Wenn Metallteile in Maschinen wiederholt Belastungen ausgesetzt werden, entstehen mikroskopisch kleine Risse, die mit der Zeit wachsen und sich ausbreiten, bis die Teile brechen. Diese Ermüdung ist für bis zu 90 Prozent aller Ausfälle in Metallkonstruktionen verantwortlich, oft in katastrophaler und unvorhersehbarer Weise.
Frühere Forschungen untersuchten Metalle, die sich nach Einwirkung von Hitze selbst reparieren können, um latente Heilungskomponenten zu aktivieren. Jetzt haben Wissenschaftler herausgefunden, dass mikroskopisch kleine Risse im Metall völlig von selbst verschwinden können.
„Diese Entdeckung könnte schließlich zu neuen Strategien zur Minderung von Ermüdungsrissen in Metallen führen“, sagt der Co-Seniorautor der Studie, Brad Boyce, Materialwissenschaftler am Center for Integrated Nanotechnologies der Sandia National Laboratories in Albuquerque, New Mexico.
In der neuen Studie analysierten die Forscher von Sandia ursprünglich, wie sich Risse in 40 Nanometer dicken Platinfolienstücken bildeten und ausbreiteten, die im Vakuum gehalten wurden. Mit einem auf Sandias Wunsch entwickelten neuen Instrument, das in ein Elektronenmikroskop passt, zogen die Forscher wiederholt 200 Mal pro Sekunde an den Kanten des Metalls, um die Folie zu belasten.
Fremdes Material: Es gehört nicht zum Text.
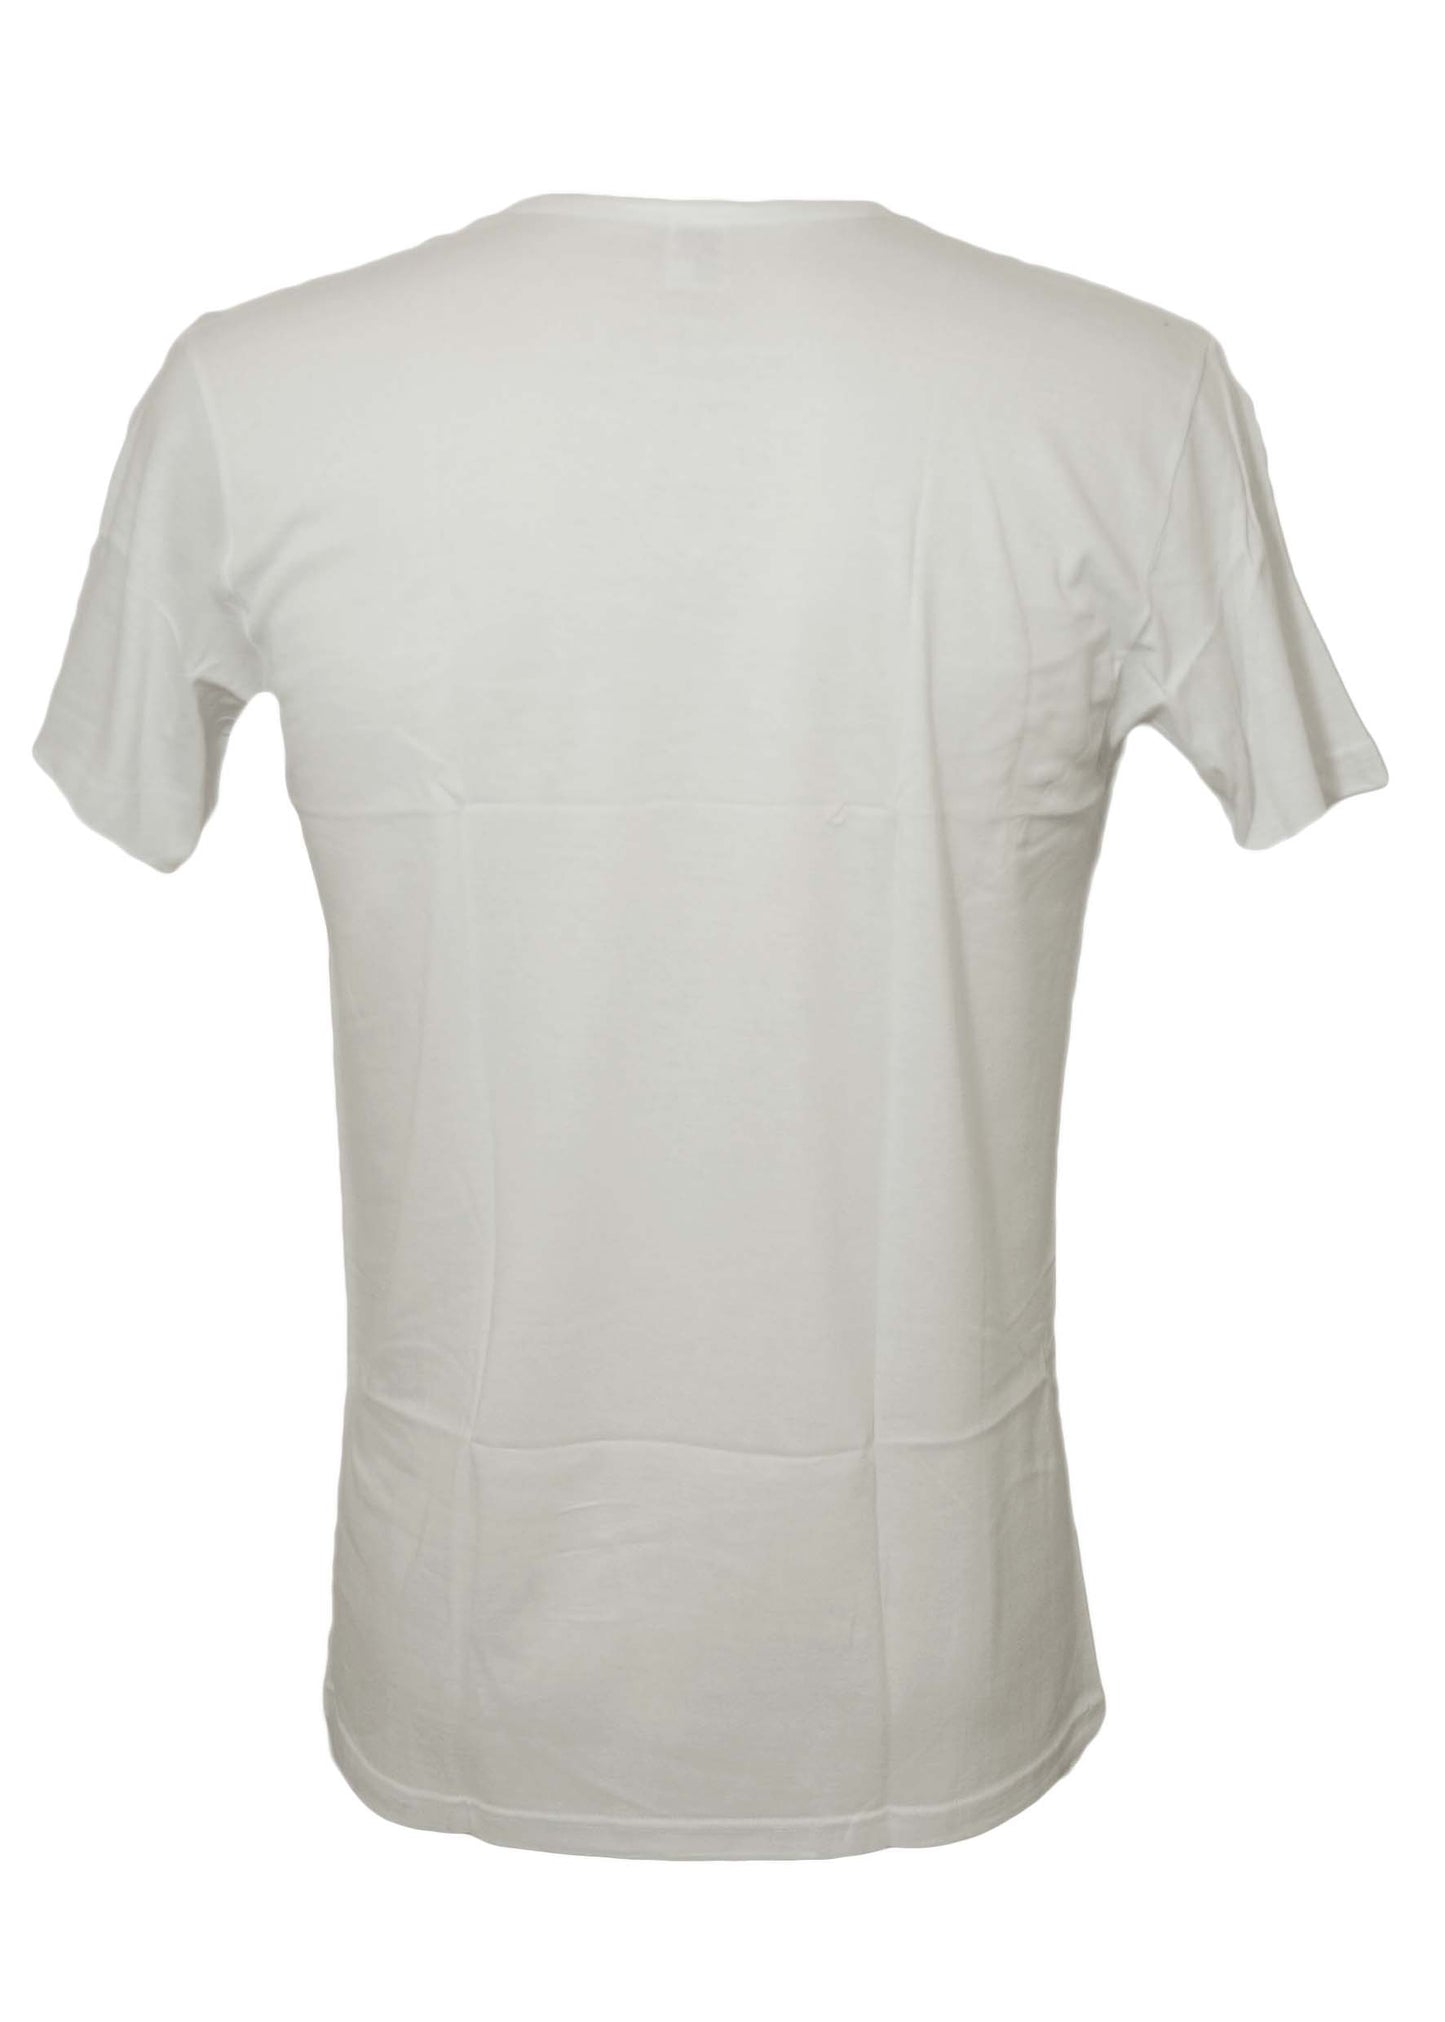 Garda - 0026 - T-shirt

Überraschenderweise kehrte sich der Schaden nach etwa 40 Minuten nach Beginn eines Experiments um. Ein Ende eines Risses verschmolz auf einer Länge von 18 Seemeilen wieder miteinander und hinterließ keine Spuren. Im weiteren Verlauf des Experiments öffnete sich der Riss in einer anderen Richtung wieder.
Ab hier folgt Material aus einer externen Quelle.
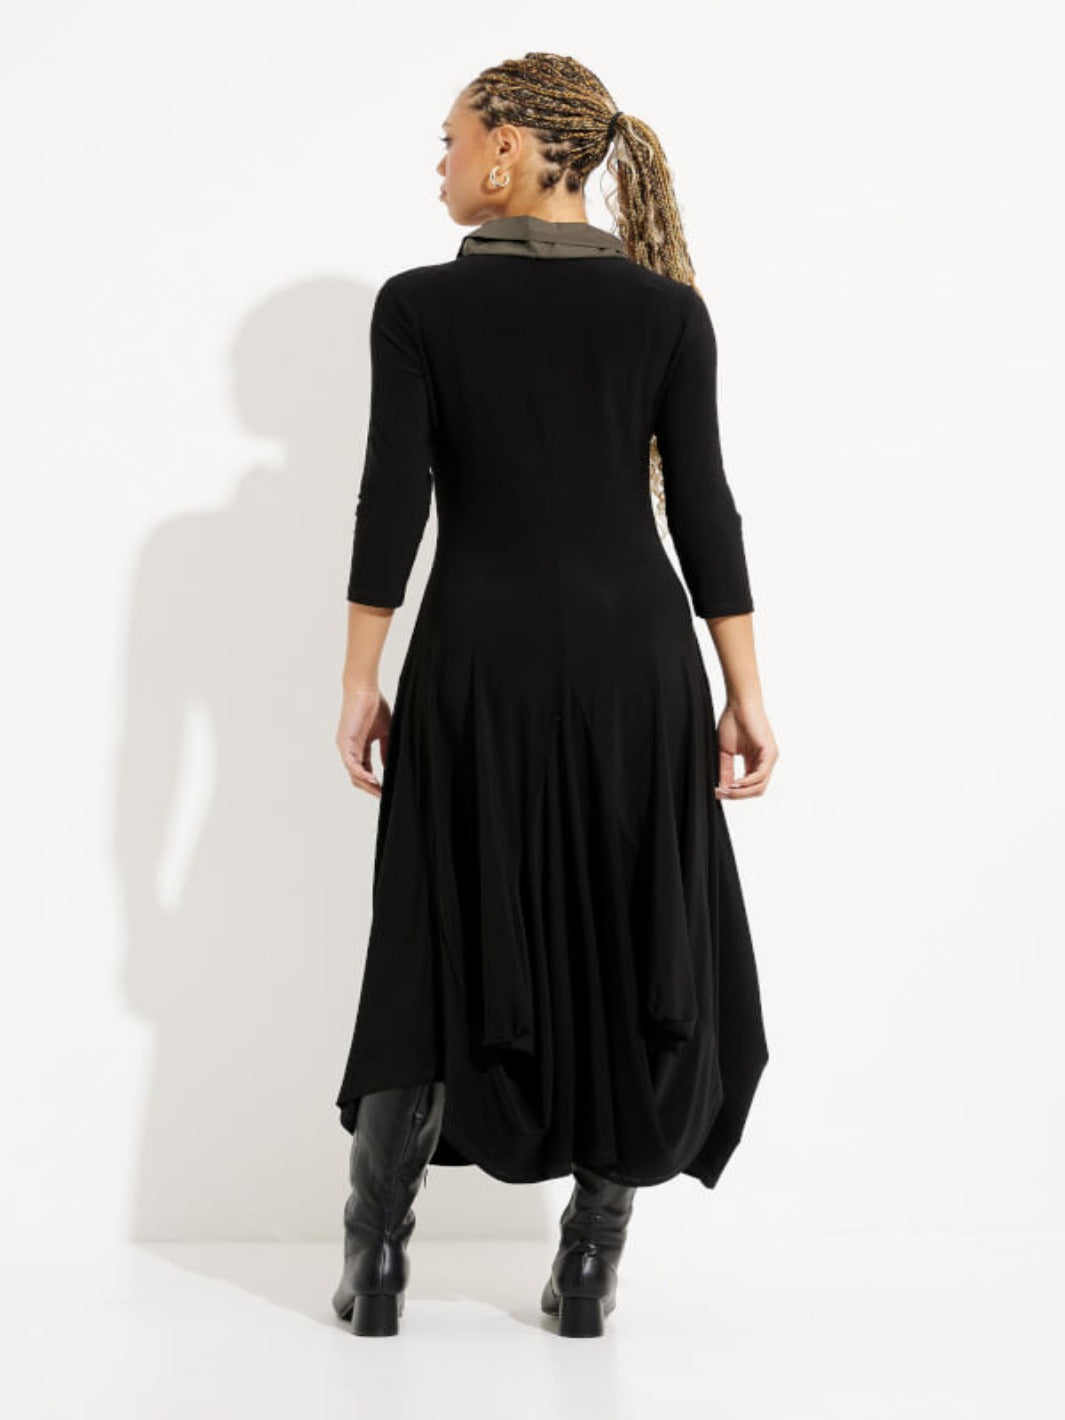 Joseph Ribkoff - Pocket Detail Dress in Khaki/Black 233110-Nicola Ross

Das Geheimnis dieser Selbstheilung ist ein Phänomen, das als Kaltschweißen bezeichnet wird. Metalle werden durch metallische Bindungen zusammengehalten, bei denen sich die äußersten Elektronen jedes Atoms frei in der Gesamtstruktur des Materials bewegen können. Das bedeutet, dass zwei flache, saubere Metallstücke miteinander verschmelzen können, wenn sie in Kontakt kommen. Die Natur metallischer Bindungen bedeutet, dass es für die Atome und freien Elektronen in jedem Metallstück keinen Unterschied zwischen den beiden Teilen gibt und sie sich so verhalten, als wären sie ein einziges verbundenes Stück.
Kaltschweißen kommt im Alltag normalerweise nicht vor, da Metalle häufig mit Schichten aus Oxiden und anderen Verunreinigungen überzogen sind, die dies verhindern. Es kann jedoch zu Problemen im Weltraum führen – beispielsweise konnte sich die Hochleistungsantenne der NASA-Sonde Galileo zum Jupiter 1991 nicht vollständig öffnen, weil Teile davon durch Kaltschweißen miteinander verschmolzen waren.
Wissenschaftler wissen, dass es beim Zusammenpressen von Metallen zu Kaltverschweißungen kommen kann. Im Jahr 2013 legten jedoch Computersimulationen des Materialwissenschaftlers Michael Demkowicz, damals am MIT, und des damaligen Doktoranden Guoqiang Xu nahe, dass Kaltschweißen mikroskopische Risse auch ohne Kompression heilen könnte. Die neuen Erkenntnisse stützen diese frühere Arbeit.
„Ich war gespannt, wie eine solch kontraintuitive Vorhersage experimentell bestätigt wurde“, sagt Demkowicz, jetzt an der Texas A&M University in College Station.
Boyce warnt: „Das war kein großer Riss und er hat sich nicht vollständig von selbst verheilt.“ Es handelte sich um einen mikroskopisch kleinen Riss, der nur an der Rissspitze von selbst heilte.“
Dennoch könnte die Fähigkeit von Metall, selbst einen mikroskopisch kleinen Riss selbst zu heilen, Anwendung finden. „Jeder Schaden beginnt im Nanomaßstab“, sagt Demkowicz, Co-Senior-Autor der neuen Studie. „Wenn wir Risse heilen können, solange sie noch klein sind, können wir Schäden im Keim ersticken.“
Die Wissenschaftler wollen nun herausfinden, ob diese Selbstheilung an der Luft statt im Vakuum und in Legierungen wie Stahl stattfinden kann, sagt Boyce. Letztlich wolle man Materialien entwerfen, die sich diesen Effekt gezielt zunutze machen, fügt er hinzu.
Die Forscher erläuterten ihre Ergebnisse am 19. Juli in der Zeitschrift Nature.